WORK INSTRUCTION:
Your job is to set down the stretch of entries that opens with the line containing "15-synonym-antonym-worksheets-worksheeto" and closes with the line containing "Everest - Ein". Keep both end lines, copy each exactly, and add nothing.

[[ DATA FOR THIS TASK, beginning ]]

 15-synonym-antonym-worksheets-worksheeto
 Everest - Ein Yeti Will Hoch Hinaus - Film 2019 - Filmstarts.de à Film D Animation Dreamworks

[[ DATA FOR THIS TASK, end ]]
[[ DATA FOR THIS TASK, beginning ]]

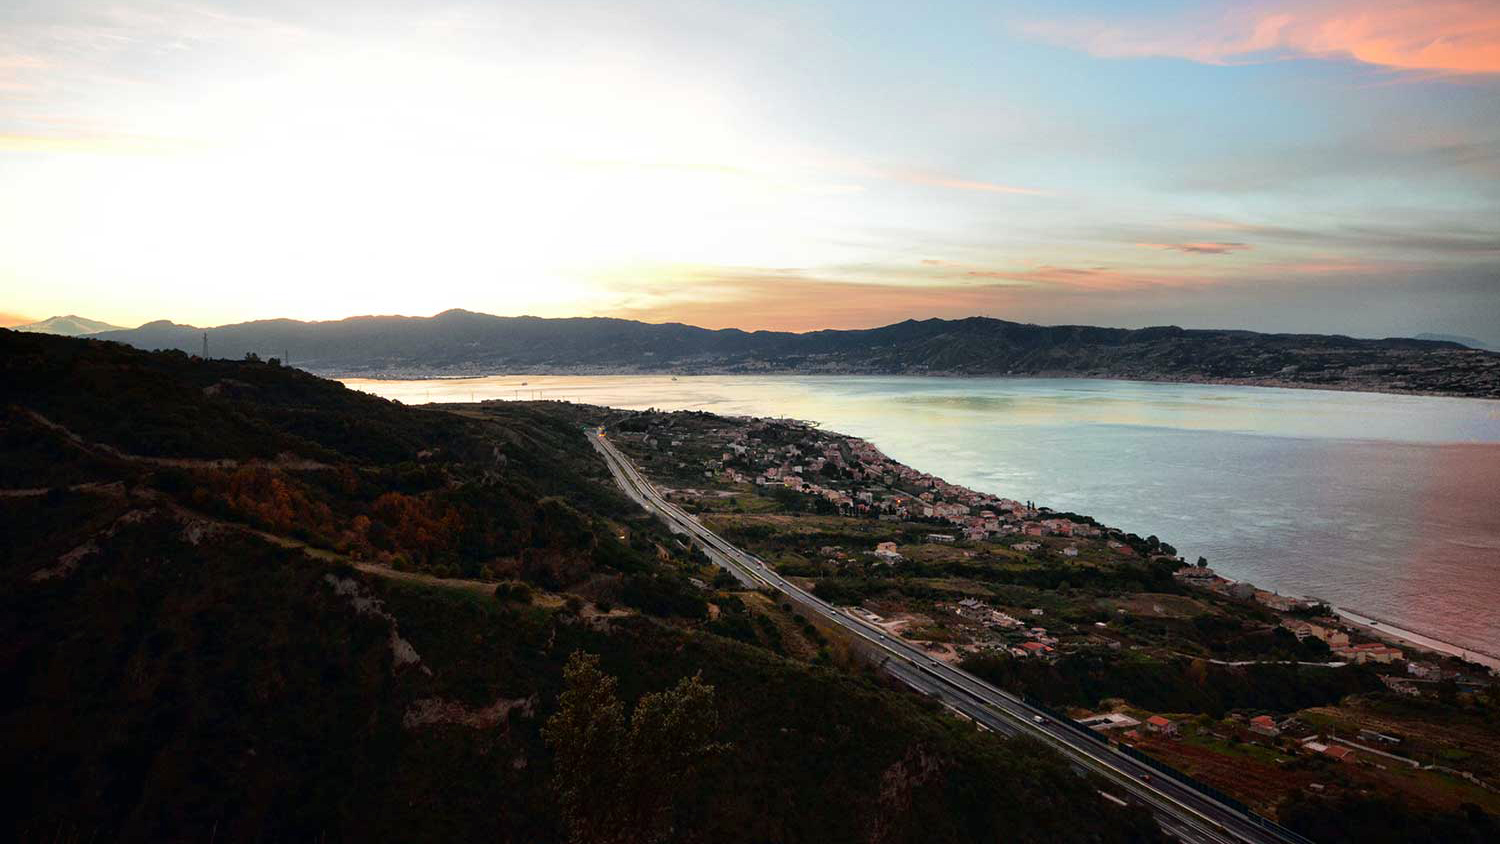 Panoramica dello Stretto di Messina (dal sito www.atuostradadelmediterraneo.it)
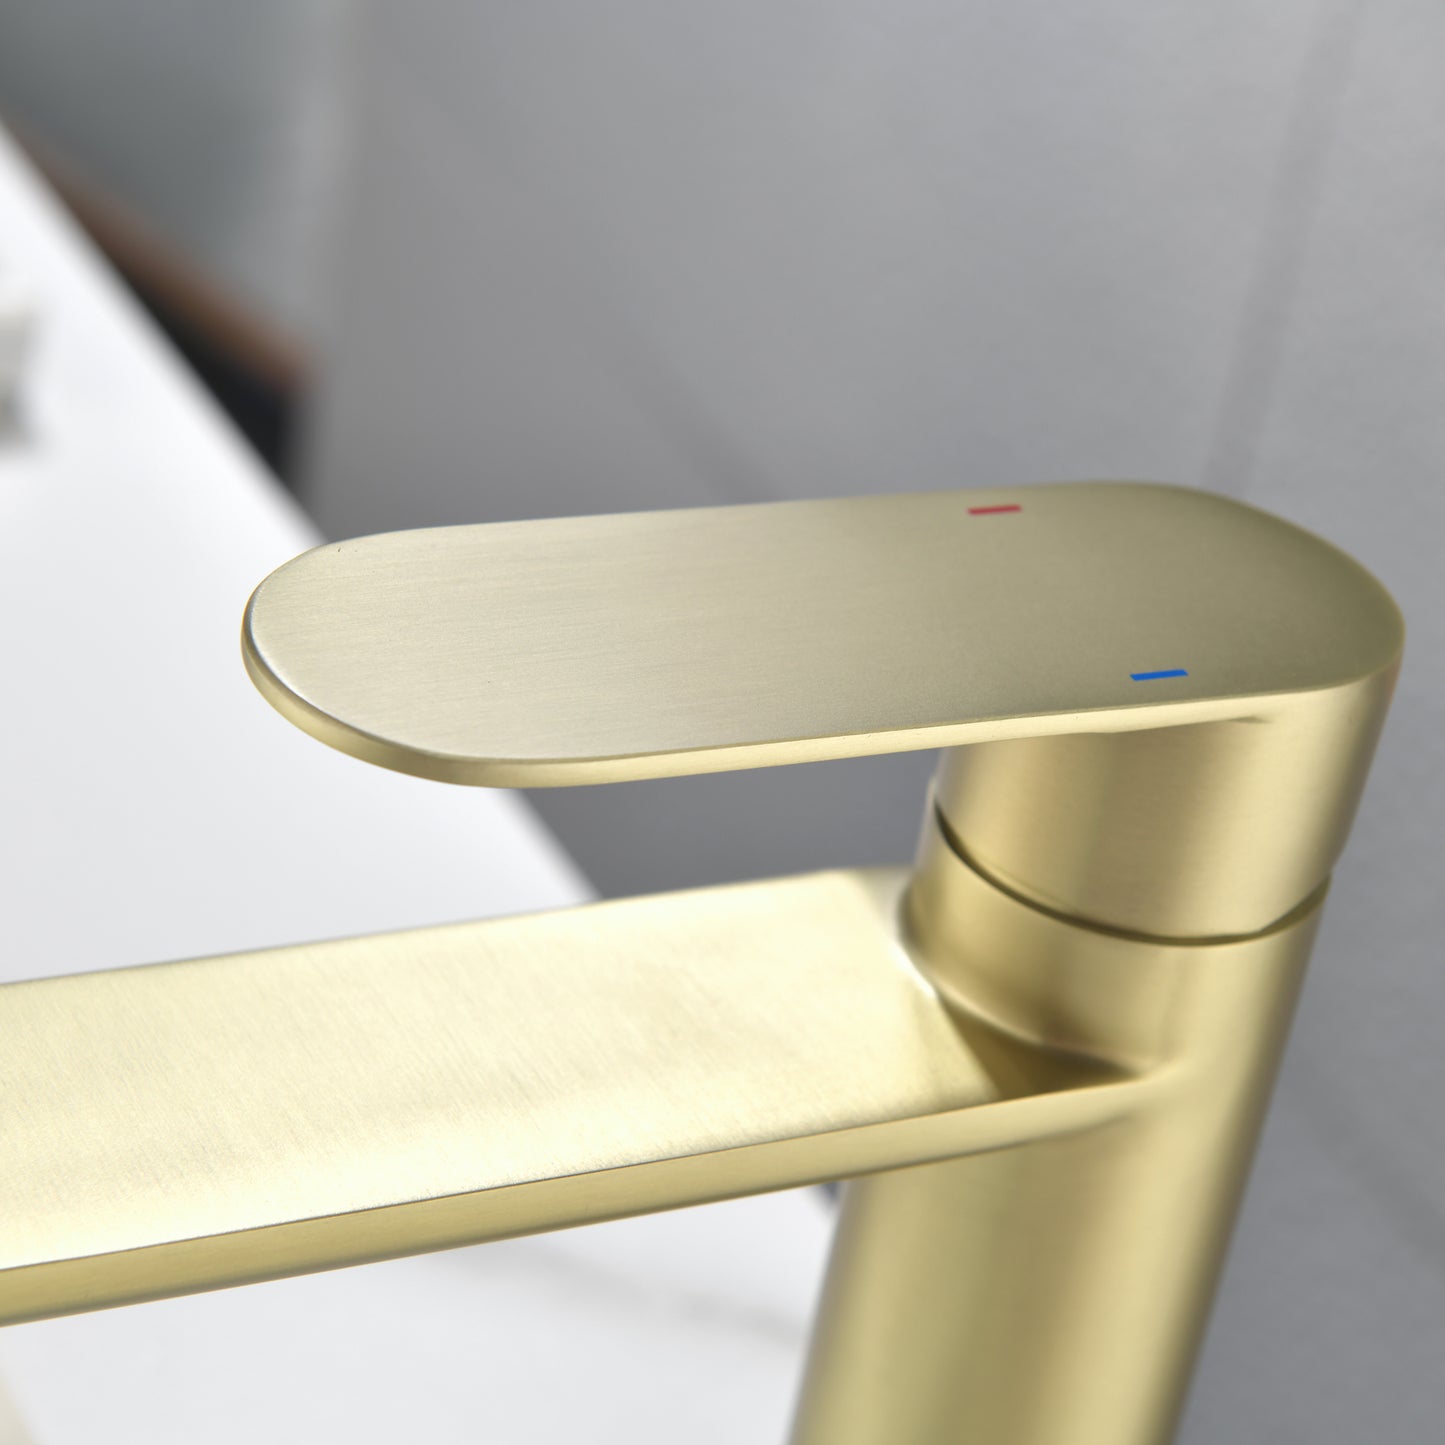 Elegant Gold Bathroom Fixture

[[ DATA FOR THIS TASK, end ]]

RESULT:
 15-synonym-antonym-worksheets-worksheeto
 Everest - Ein Yeti Will Hoch Hinaus - Film 2019 - Filmstarts.de à Film D Animation Dreamworks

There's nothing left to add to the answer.